Maine Women Writers Collection celebrates 60 years
In the same year that Mattell introduced the Barbie Doll and only 35 percent of college students were female, two Westbrook Junior College (WJC) instructors made a pioneering step in the field of women’s literary studies. Grace A. Dow, chair and professor in the Department of English at WJC, and Dorothy M. Healy, a WJC teacher and administrator, founded the Maine Women Writers Collection (MWWC) in 1959 in order to celebrate and preserve the contributions to Maine culture and literature made by women writers. It was one of the first, if not the first, collections of its kind in the country.
On June 14, 2019, a packed crowd gathered in the Abplanalp Library on the Portland Campus to celebrate the MWWC’s 60th anniversary. The event showcased examples of the material in the collection through a short series of readings and included works by May Sarton, Estella Deering, Donna Loring, Ruth Moore, and an anonymous suffragist.
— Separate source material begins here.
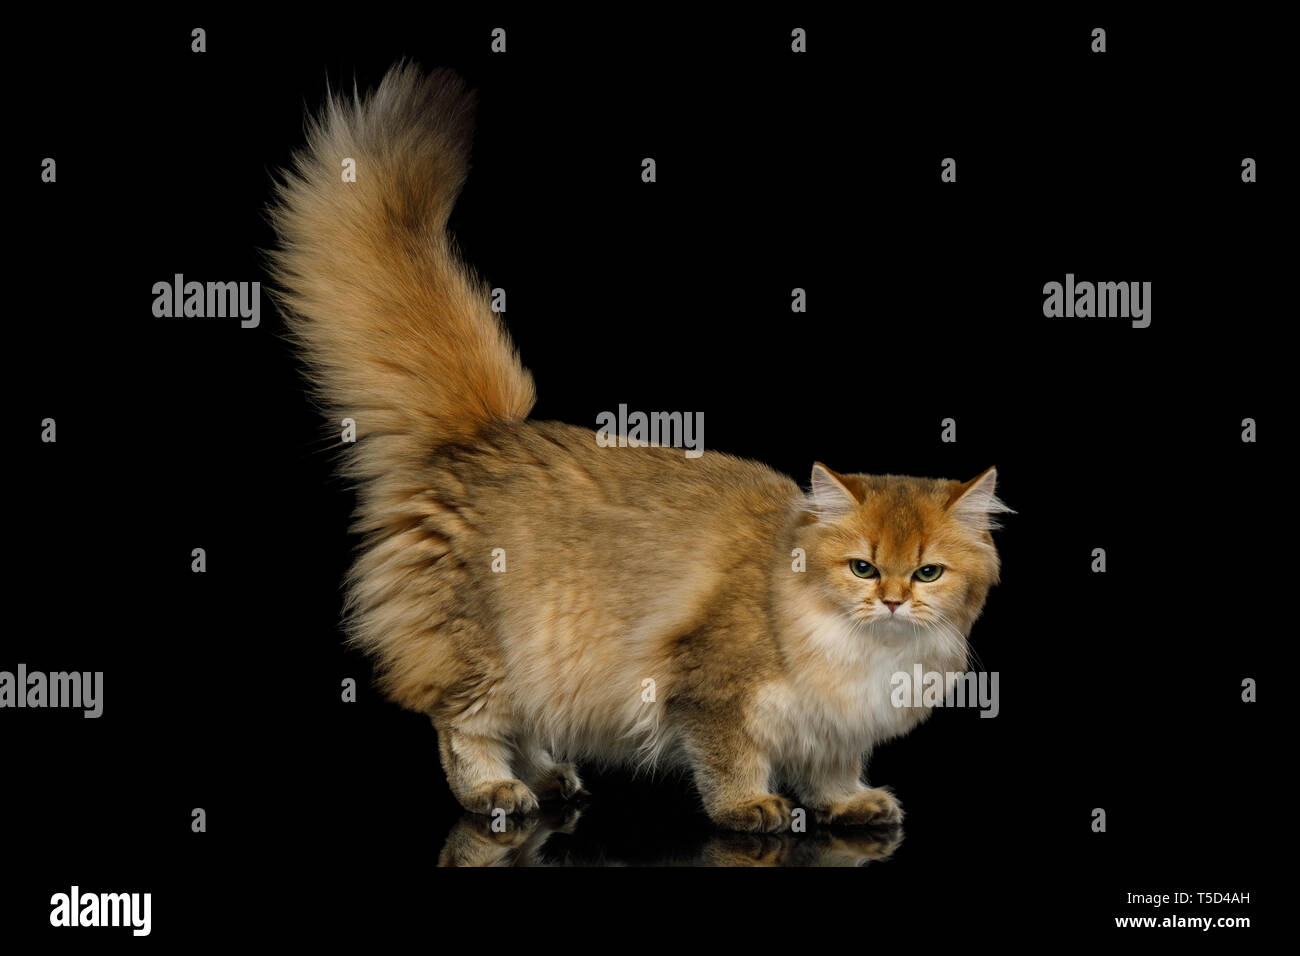 Angry British Red Cat with Furry tail and mad eyes on Isolated Black Background, side view Stock Photo

Special guest reader Monica Wood, a bestselling Maine novelist and memoirist, shared an excerpt from an essay by Kate Douglas Wiggin about her childhood encounter with Charles Dickens.
In her opening remarks, the collection’s director, Jennifer Tuttle, Ph.D., Dorothy M. Healy Professor of Literature and Health, recognized the progressiveness and vision of the collection’s co-founders. “Before the resurgence of the Women’s Movement in the United States, before the advent of women’s studies, Dow and Healy saw that Maine women’s writing should be honored, preserved, and made available for study and enjoyment,” she said. “In short: they took women and their writing seriously.”